Mereka juga meninggalkan Indonesia dalam jumlah besar dan gagal menerima infus dari
luar negeri, sehingga banyak bisnis yang gulung tikar.
Menghadapi situasi tersebut, perusahaan yang tidak mampu membayar utang akhirnya
bangkrut. Selain itu, sebagian besar menggunakan bahan baku impor, sehingga mereka
membutuhkan dolar Amerika Serikat untuk membelinya. Karena rupiah anjlok, ia tidak
dapat membeli bahan baku dan akhirnya kehilangan bisnisnya. Situasinya sangat serius,
karena menyebabkan penurunan jumlah pekerja yang meluas dan peningkatan tajam dalam
tingkat kemiskinan.

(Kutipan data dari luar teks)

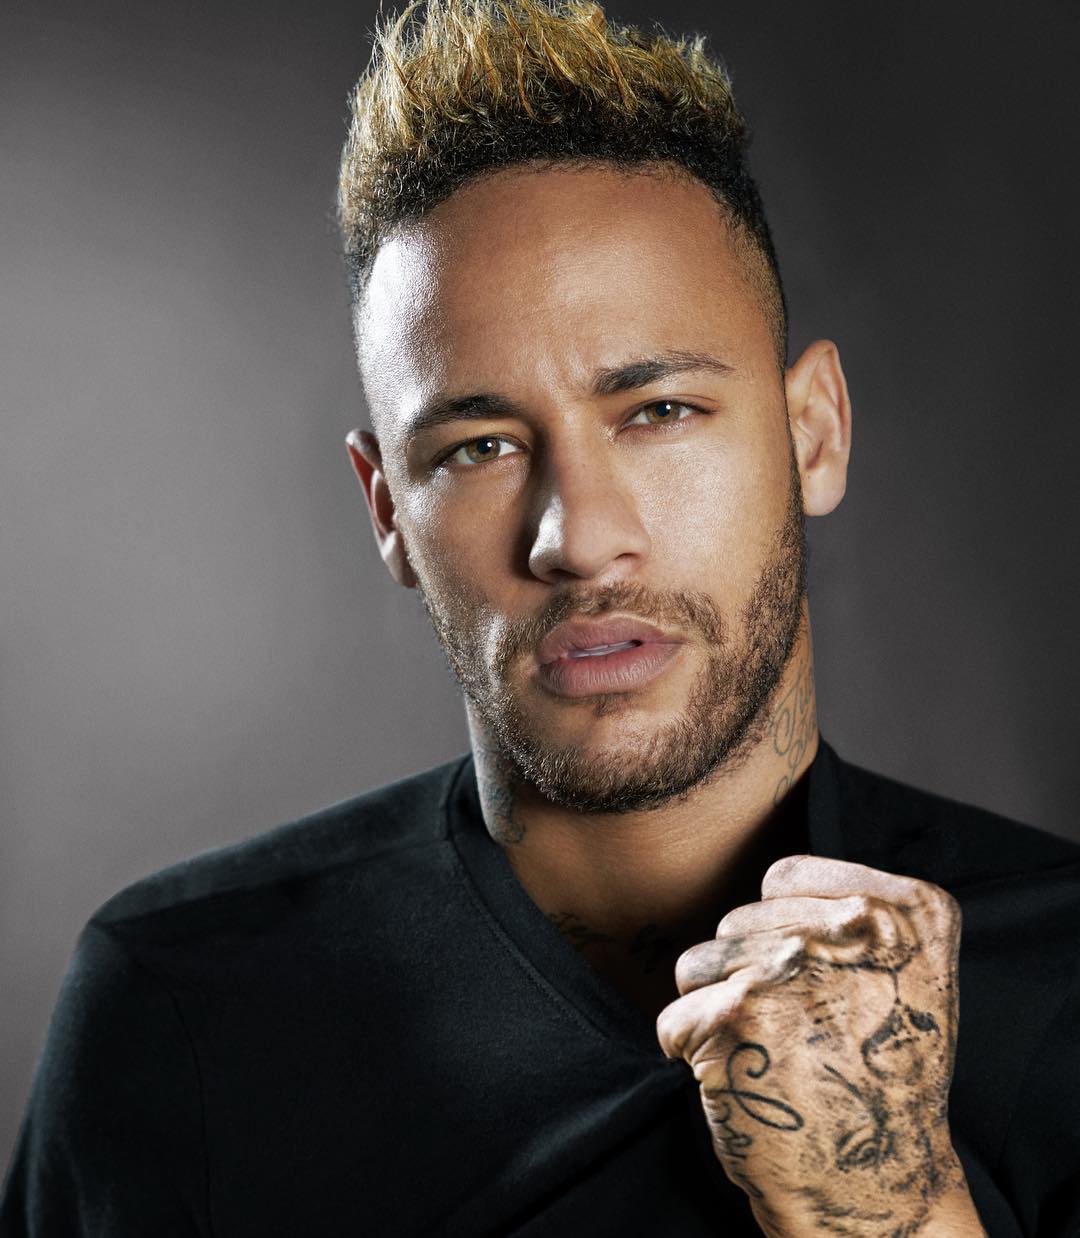 Neymar Mulher Que Acusa Neymar De Violação Tem Dívida De Mais De Seis Mil Euros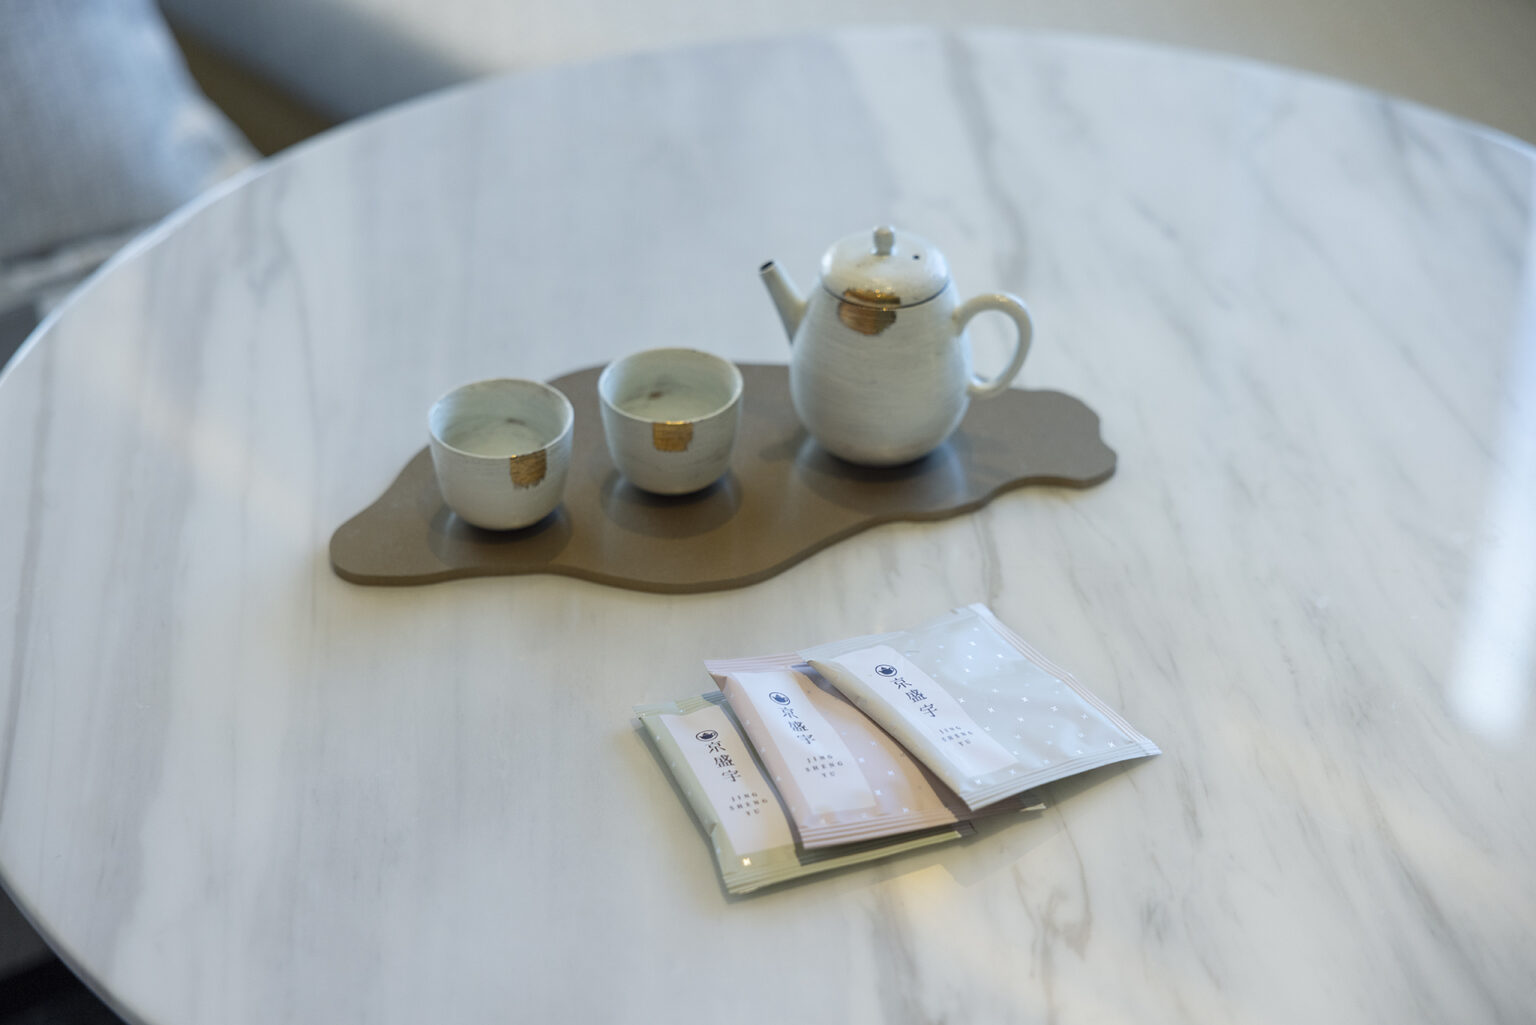 台湾茶のブランド〈京盛宇〉の香り高い烏龍茶などの台湾茶の他にもコーヒーも用意されている。

Sementara itu, meski negara tidak bisa memberikan dukungan karena
alasan lain yang belum jelas, ada kemungkinan sebagian besar petahanan di masa lalu tidak
menyadari posisinya.
Ratusan perusahaan, mulai dari skala kecil hingga konglomerat, bangkrut. Sekitar 70 persen
lebih perusahaan yang tercatat di pasar modal juga insolvent atau nota bene bangkrut.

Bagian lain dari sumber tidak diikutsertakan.